PubCompare.ai can assist lung volume measurement research in several key ways: 1. Efficient literature screening: The platform allows you to quickly sreen a large volume of published protocols, pre-prints, and patents related to lung volume measurement techniques. 2. AI-driven protocol comparison: PubCompare.ai's AI analysis can identify critical insights by comparing the effectiveness, reproducibility, and accuracy of different lung volume measurement protocols. 3. Optimized protocol selection: By highlighting the most effective protocols, the platform helps you choose the best approach for your specific research goals and sample characteristics. 4. Streamlined research process: Access to the most relevant and reliable lung volume measurement methods can significantly improve the efficiency and quality of your research.

What are some specific applications of lung volume measurements?

Lung volume measurements have a wide range of important applications in clinical and research settings, including: 1. Diagnosis and monitoring of respiratory diseases: Tracking changes in lung volumes can help diagnose and manage conditions like COPD, asthma, and pulmonary fibrosis. 2. Evaluating exercise capacity: Measuring lung volumes before and after exercise can provide insights into cardiovascular and respiratory fitness. 3. Perioperative assessment: Preoperative lung volume measurements can help predict postoperative respiratory complications. 4. Personalized treatment planning: Detailed lung volume data can inform the optimization of ventilator settings, oxygen therapy, and other interventions. 5. Research on lung physiology: Understanding normal and abnormal lung volumes is crucial for advancing our knowledge of respiratory system function.

What are the key benefits of using PubCompare.ai for lung volume measurement research?

The key benefits of using PubCompare.ai for lung volume measurement research include: 1. Increased effieciency: The platform allows you to quickly screen a large volume of relevant protocols, saving time and effort. 2. Enhanced accuracy: PubCompare.ai's AI-driven analysis helps identify the most effective and reproducible lung volume measurement techniques. 3. Improved research quality: Access to the best available protocols can lead to more accurate and meaningful results in your studies. 4. Streamlined workflow: The platform integrates seamlessly into your research process, minimizing disruptions and optimizing productivity.

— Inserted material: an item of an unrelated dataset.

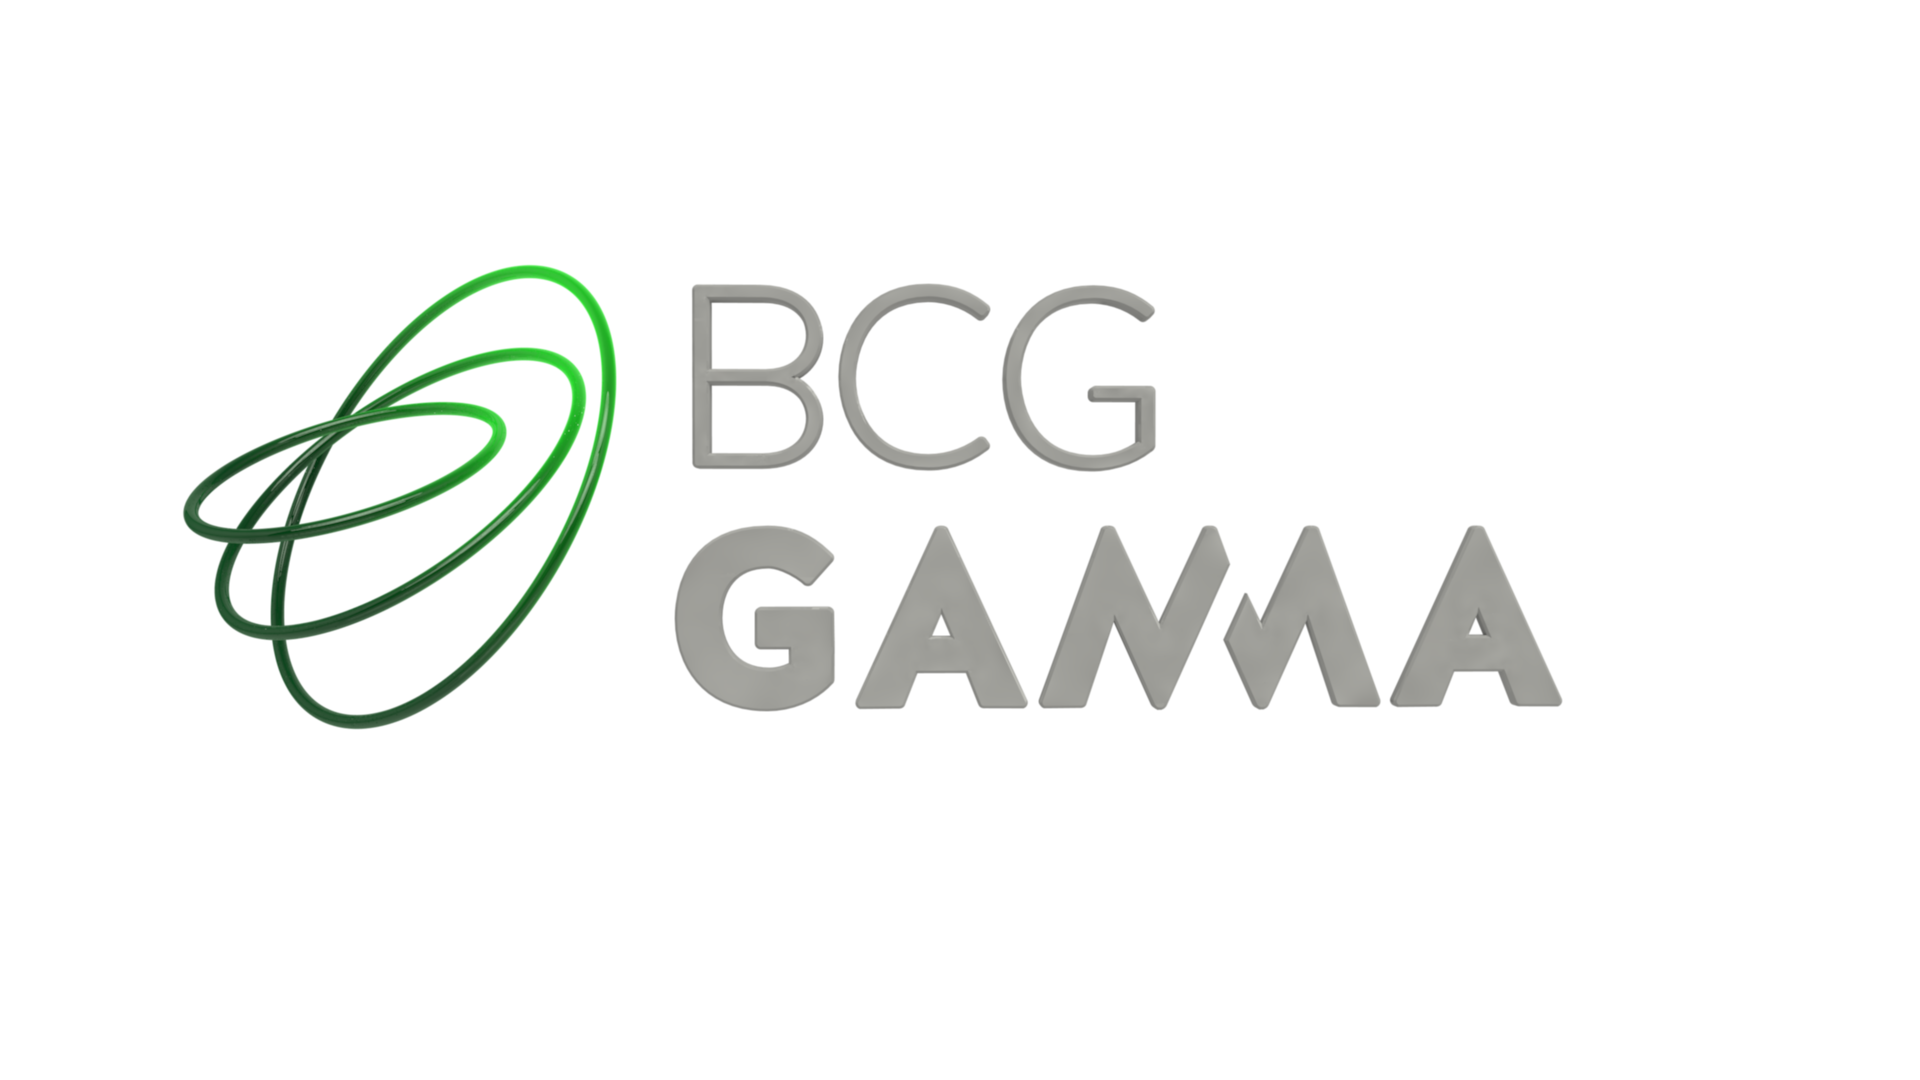 BCG Gamma
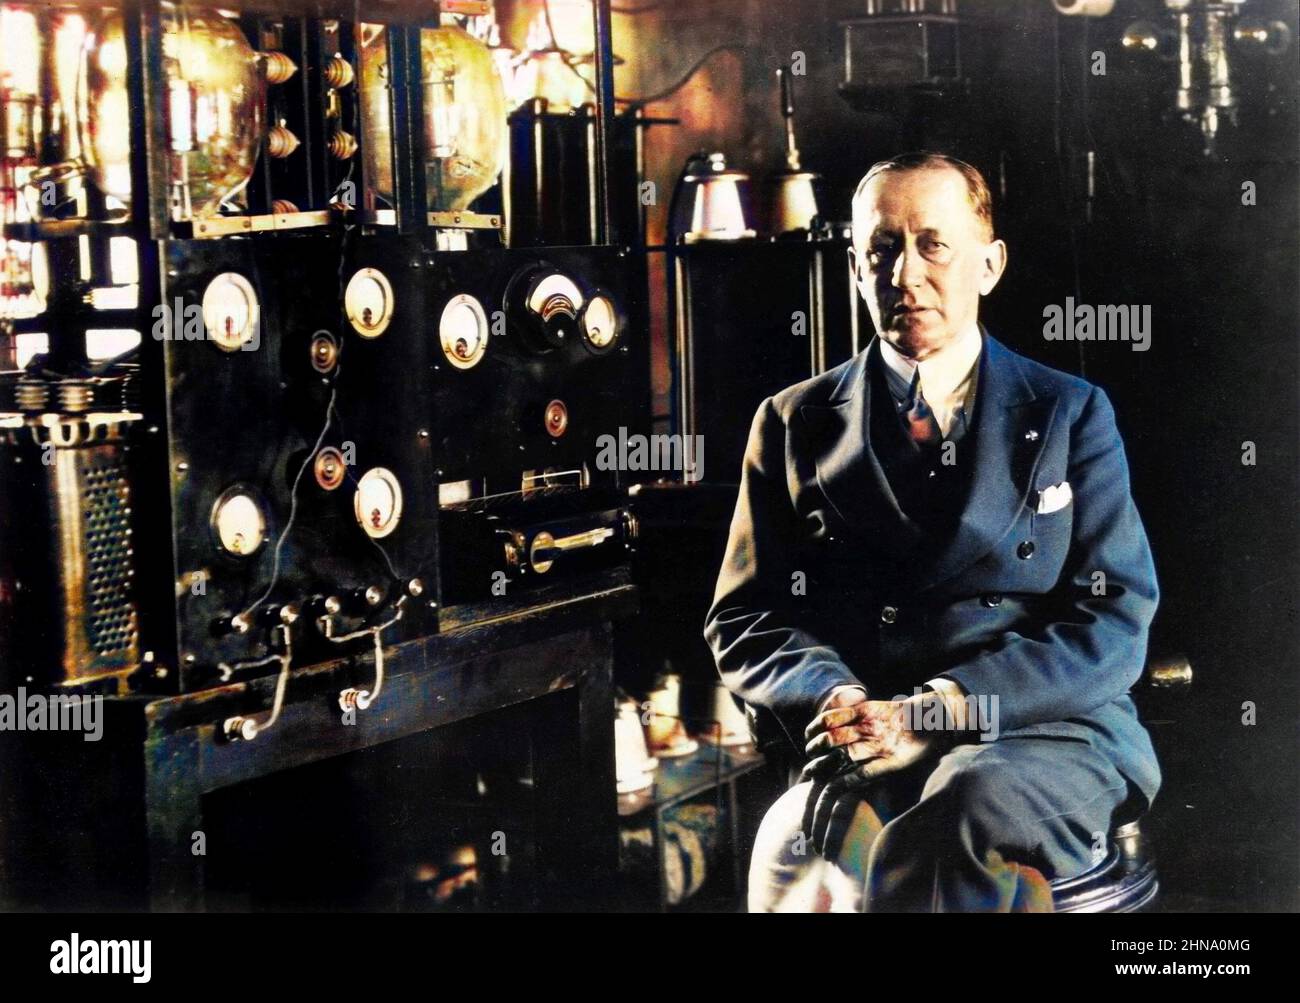 Porträt des italienischen Erfinders und Radiopioniers Guglielmo Marconi, der vor einem Telegrafen im Labor an Bord seiner Yacht 'Electra' sitzt. Um 1935 Stockfoto

How does PubCompare.ai's AI-powered analysis work for lung volume measurements?

PubCompare.ai's AI-powered analysis of lung volume measurement protocols works by: 1. Rapidly screening a large volume of published literature, pre-prints, and patents to identify the most relevant protocols. 2. Extracting key details about each protocol, such as the measurement technique, sample characteristics, and reported accuracy/reproducibility. 3. Applying advanced machine learning algorithms to compare the relative effectiveness of the different protocols. 4. Highlighting the critical insights, such as the most efficient and reliable lung volume measurement methods for specific research goals or patient populations. This AI-driven approach enables researchers to make more informed decisions about the optimal lung volume measurement protocols to use, streamlining the research process and leading to more accurate and meaningful results.

More about "Lung Volume Measurements"

Pulmonary Function Testing, Respiratory Physiology, Lung Volume Assessment, Lung Capacity Measurement, Spirometry, Plethysmography, Gas Dilution, Imaging Techniques, Forced Vital Capacity (FVC), Total Lung Capacity (TLC), Residual Volume (RV), Inspiratory Capacity (IC), Expiratory Reserve Volume (ERV), Vital Capacity (VC), Tidal Volume (TV), Minute Ventilation (VE), Diffusing Capacity (DLCO), Airway Resistance (Raw), Airway Conductance (Gaw), Respiratory Mechanics, Ventilatory Parameters, Respiratory Disorders, Lung Disease Diagnosis, Pulmonary Function Evaluation, Respiratory Function Tests, Lung Volume Determination, Respiratory Measurements, Ventilation Assessment, Respiratory System Analysis, Lung Volume Quantification, Pulmonary Volume Metrics, Respiratory Airflow Dynamics, Respiratory Physiology Optimization, Respiratory Diagnostics, Respiratory Monitoring, Respiratory Health Evaluation.